Prenant chaque élément de cette définition plutôt précise, mais adoptée avant l’apparition de NBT, l’analyse a consisté à envisager, aucune jurisprudence n’étant disponible, les interprétations possibles en droit. Or, mon constat est celui de possibilités d’interprétation sur chacun des éléments de la définition, possiblement hétérogènes et donc, insusceptibles de déboucher sur une réponse univoque, soit sur un constat de qualification des NBT comme OGM ou non.

Par exemple, le matériel génétique de l’organisme doit avoir été modifié d’une manière « qui ne s’effectue pas naturellement ». Ce critère est néanmoins susceptible d’être apprécié de manière différente au plan de son libellé.

L’interprétation la plus élémentaire, absolue, s’attache à la manière dont en soi un organisme a été modifié, laquelle déclenche la qualification d’OGM. Dès lors, la modification du génome crée un OGM. Une autre interprétation plus relative pourrait être retenue, selon laquelle l’OGM est un organisme dont le matériel génétique a été modifié d’une manière qui n’aurait pas pu s’effectuer naturellement. Ici, la modification est envisagée par comparaison. Dès lors qu’elle aurait pu en principe se réaliser naturellement, la qualification d’OGM ne devrait pas s’appliquer.

Les interprétations peuvent également varier en fonction des autres éléments de la définition, notamment les fameuses listes de techniques incluses ou exemptées. Par exemple, l’annexe 1B considère les organismes obtenus par mutagénèse, sans plus de précisions, sont exclus du champ d’application de la directive. Eu égard à l’absence de précision concernant le type de mutagenèse visé, il est possible de considérer que la mutagénèse ici couvre tous les types de mutagenèse, comme ciblée ou dirigée. Il est au contraire possible de considérer, conformément au principe d’interprétation stricte des exceptions et en considérant la directive, que seules les mutagenèses conventionnelles, dont la sécurité est depuis longtemps avérée, sont exclus.

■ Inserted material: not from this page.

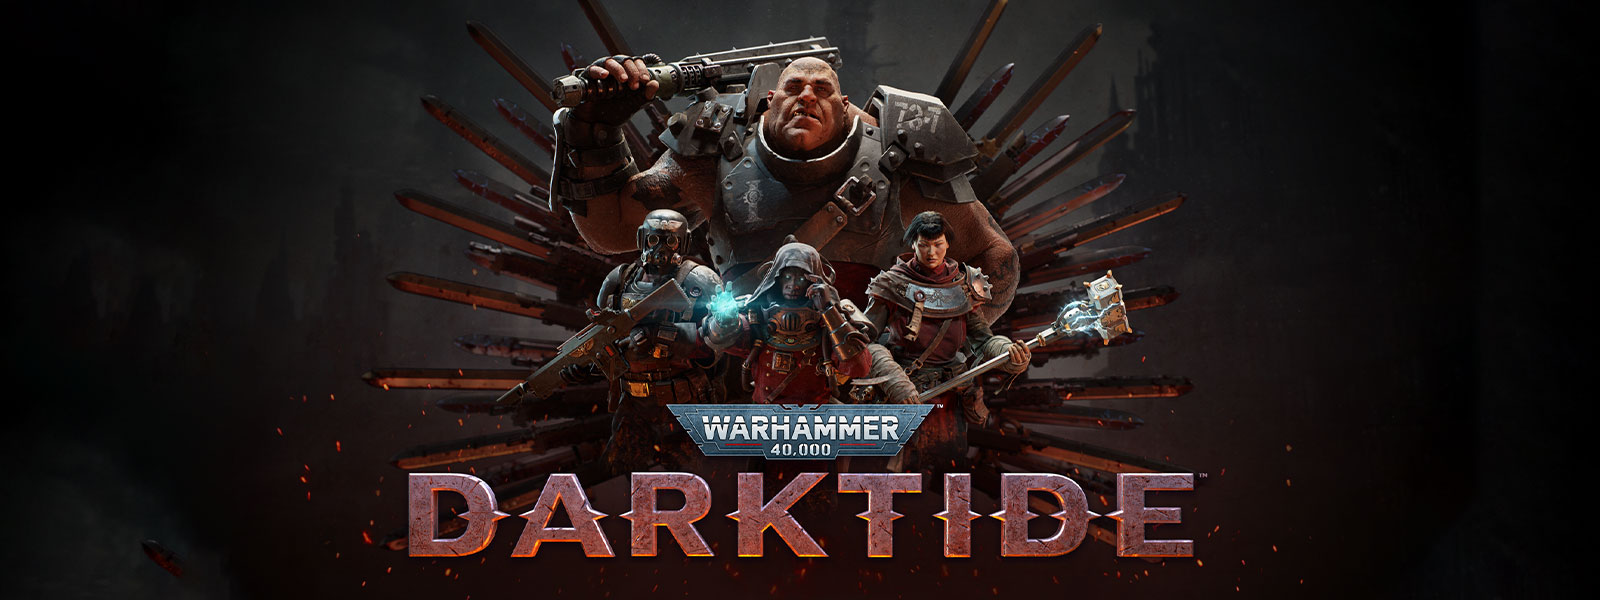 Warhammer 40,000: Darktide, une équipe de personnages en armure pose devant un motif de lame.

Des raisonnements similaires peuvent être conduits sur tous les éléments de la définition.

Eu égard à cette situation d’ensemble, assez ordinaire en droit, je conclus que plusieurs interprétation sont possibles, ce qui implique en pratique la nécessité pour l’interprète de choisir.

(II) C’est la raison pour laquelle, parce que l’interprétation est tout autant un acte de volonté que de connaissance, il est important d’identifier le(s) responsable(s) de cette interprétation et les principes d’interprétation qui sont les siens. La Commission a annoncé la publication d’une communication interprétative depuis 2007, laquelle ne devra pas créer d’obligations nouvelles par rapport à la directive et ne liera donc ni les États ni les personnes physiques ou morales. En cas contraire, elle pourrait être annulée par la Cour de Justice européenne (CJE).

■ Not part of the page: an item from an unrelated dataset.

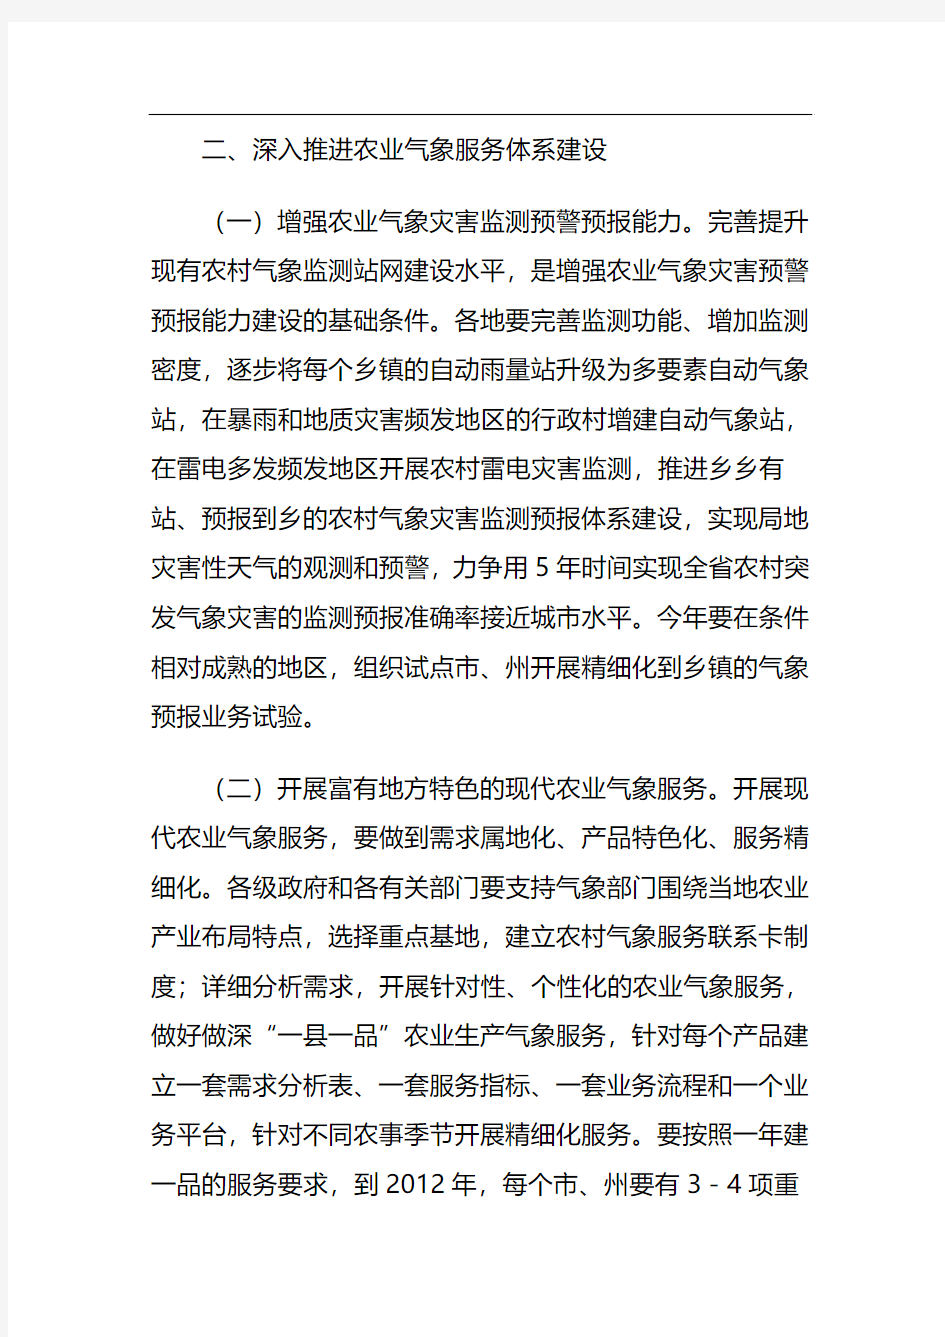 湖北省人民政府办公厅关于加强农业气象服务体系和农村气象灾害防御体系建设的意见(106号文件)

S’agissant de la directive, la Cour de Justice est en charge, en dernier ressort, d’interpréter le droit de l’Union. Certes, elle doit être saisie. Néanmoins, le Conseil d’État français vient de poser des questions préjudicielles à la CJE, qui est officiellement saisie de cette question. Une fois saisie, la Cour procèdera à l’examen du droit de l’Union, à son interprétation, à l’appréciation de sa viabilité mais elle n’en tirera aucune conséquence pour le droit national et la procédure en cours. Il appartient à la juridiction de renvoi de le faire.

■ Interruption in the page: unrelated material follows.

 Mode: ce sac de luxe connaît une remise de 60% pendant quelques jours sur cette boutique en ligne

Les principes qui guident l’interprétation de la Cour sont les suivants.

Premièrement, l’interprétation autonome du droit de l’Union. La Cour exclut un renvoi aux droits nationaux du fait des exigences d’une application autonome. Elle se réserve le droit à une autarcie interprétative. Deuxièmement, pour faire advenir cette interprétation autonome, la Cour s’arrime régulièrement aux arguments de la science, ceux qui sont rapportés par l’ensemble des intervenants et la juridiction de renvoi dans le cadre des affaires. Troisièmement, la Cour, en plus de l’interprétation littérale, recourt régulièrement à une interprétation théologique, quant au but du texte. Ce dernier est le principe de précaution à propos duquel la jurisprudence est déjà très dense. La Cour définit ainsi le principe de précaution :

« Les institutions peuvent prendre des mesures de protection sans avoir à attendre que la réalité ou la gravité des risques soient pleinement démontrées », tout en soulignant que le principe de précaution « ne peut appliquer ces mesures de protection sans évaluation préalable des risques suspectés qui ne doivent pas simplement faire apparaître des risques purement hypothétique mais des risques plausibles ».

Pour conclure, la Cour est l’interprète du dernier ressort du droit existant.

Dans le cas où l’interprétation ne satisferait ni les autorités compétences ni les parties prenantes, une révision du droit existant, qui n’est pas aisée mais possible, peut permettre de surpasser l’interprétation de la Cour.

M. Jean-Yves Le Déaut. Monsieur Devron, vous êtes également membre du CEES du HCB.

L’UFS réunit cent trente entreprises (PME familiales, coopératives, multinationales) actives dans la recherche, la production et la commercialisation de semences pour l'agriculture, les jardins et le paysage.

Vous nous parlerez aujourd’hui de la vision des industriels pour ce domaine d’application des biotechnologies dans l’agriculture.

M. Eric Devron, directeur général de l’Union française des semenciers (UFS). J’interviens au nom de l’UFS, organisation professionnelle représentant l’ensemble des entreprises implantées en France ayant pour activités l’élaboration variétale, la production de semences ainsi que la commercialisation de semences et de plantes.

Deux aspects caractérisent le secteur semencier français. Tout d’abord, sur le plan économique, le secteur est le premier producteur de semences européen et le premier exportateur mondial, soit un chiffre d’affaires de 3,3 milliards d’euros par an, dont 1,45 milliard est exporté. En outre, nous disposons de nombreuses implantations dans les régions et dans les territoires agricoles et agro-climatiques.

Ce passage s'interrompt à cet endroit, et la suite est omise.